Once the head is over the right track it needs to wait for the right sector to pass beneath the R/W head. We are given that it is a 7200 RPM drive. That means:

  • In the worst case the data just passed an it has to wait a full rotation.
  • In the best case the data sector has just arrived. All is happy.
  • In the average case the drive needs to wait half a rotation.

To get the time for a full drive rotation on a 7200 RPM drive:

  • 7200 rotation per minute (aka 7200 RPM)
  • Or 7200/60 times per second.
  • Or 120 times per second.
  • Or a single rotation takes 1/120 th of a second.
  • Which is 8.3 ms

So half a rotation should will take half that time, 1/240th of a second.

1 second is 1000 ms

This is your 1000/240 ms.


All of this is the time until the drive can start reading the data. It will still need to read it and pass with to the host.

Reading from the drive is usually much quicker than passing it, so I am going to focus on the slower part:

Given are:

1) 80 MB/s TRANSFER RATE
2) BLOCK MODEL : Block size 4KB

  • 80 MiB in one second, or 80*1024 KiB one one second, or 4 * 20 * 1024 KiB/second.
  • Divide by 20480.
  • 4 KB per 1/20480th of a second.
  • Or 0.488281 ms, which is your latest 0.05 ms.

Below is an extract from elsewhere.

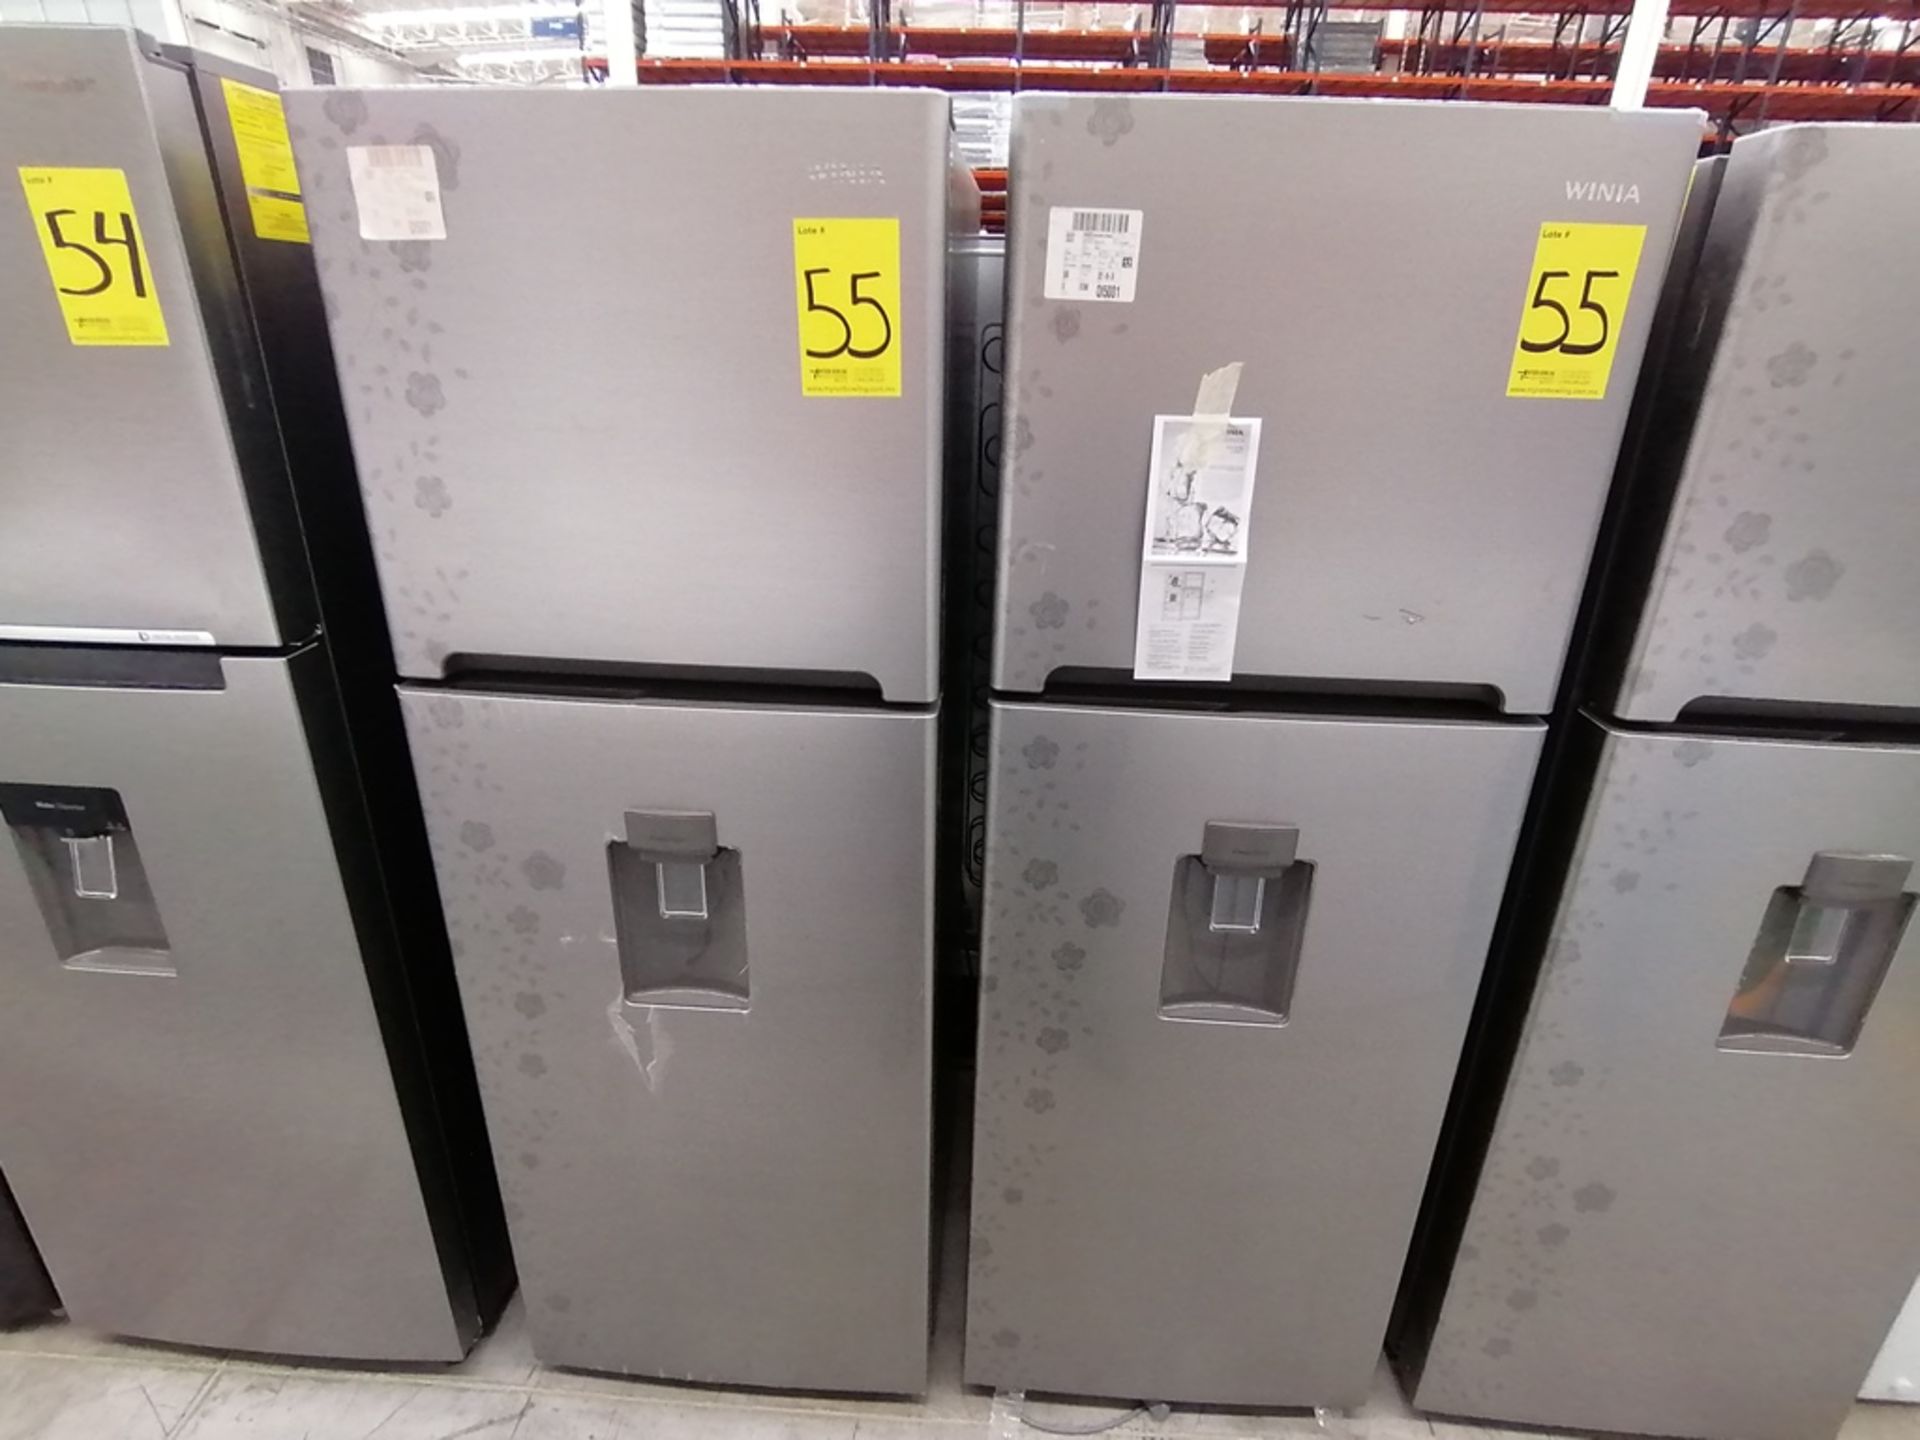 Lote de 2 refrigeradores incluye: 1 Refrigerador con dispensador de agua, Marca Winia, Modelo DFR40 - Image 3 of 15
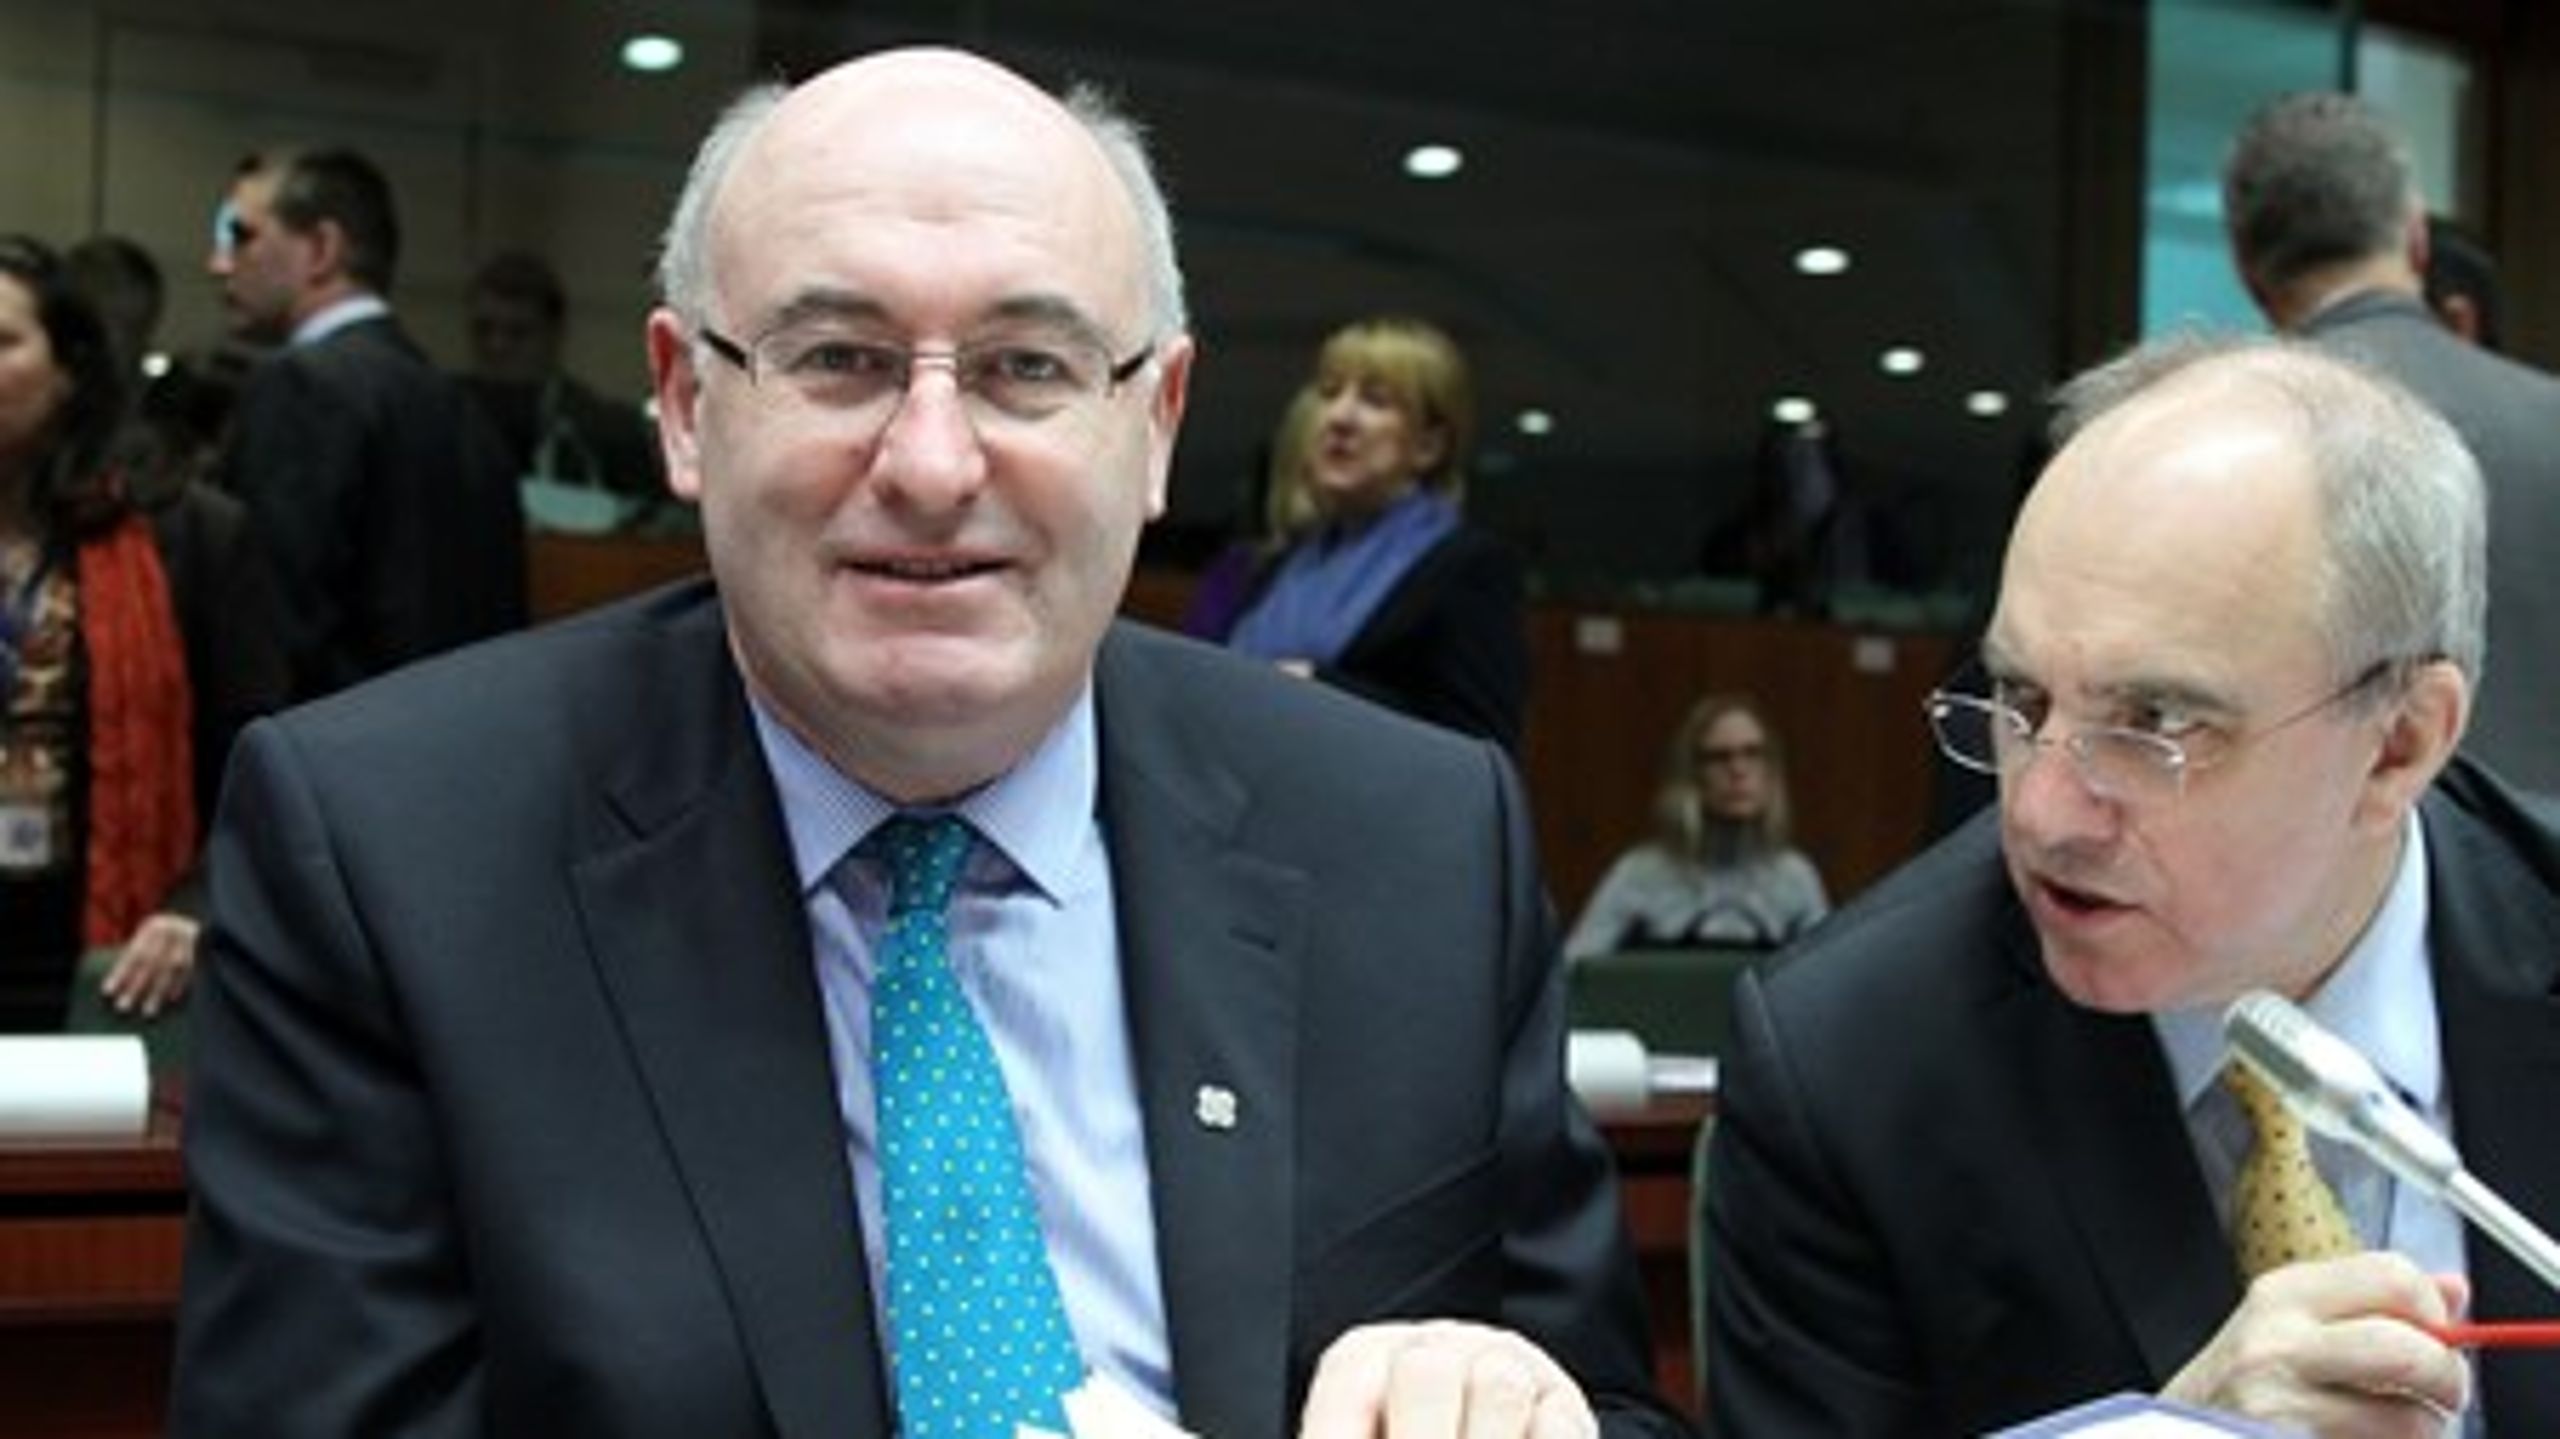 Irlands kommissærkandidat Phil Hogan er kommet i modvind for at stævne politiske modstandere, inden han skal høres af Europa-Parlamentet.

Note that this answer ignores that:

  1. the drive needs to read the data before it can transmit it, this will make it slightly slower.
  2. But there is no information on how fast the data is read from the platter. (which is a matter of rotation speed, length of data to be read, length of the checksum data and inter sector gaps. (4KiB can be 8 reads of "Header|data|checksum|gap" or a single read.
  3. It also ignores that the data might already be present in the drives cache.
  4. And it assumes that calculating the checksum takes about no time flat.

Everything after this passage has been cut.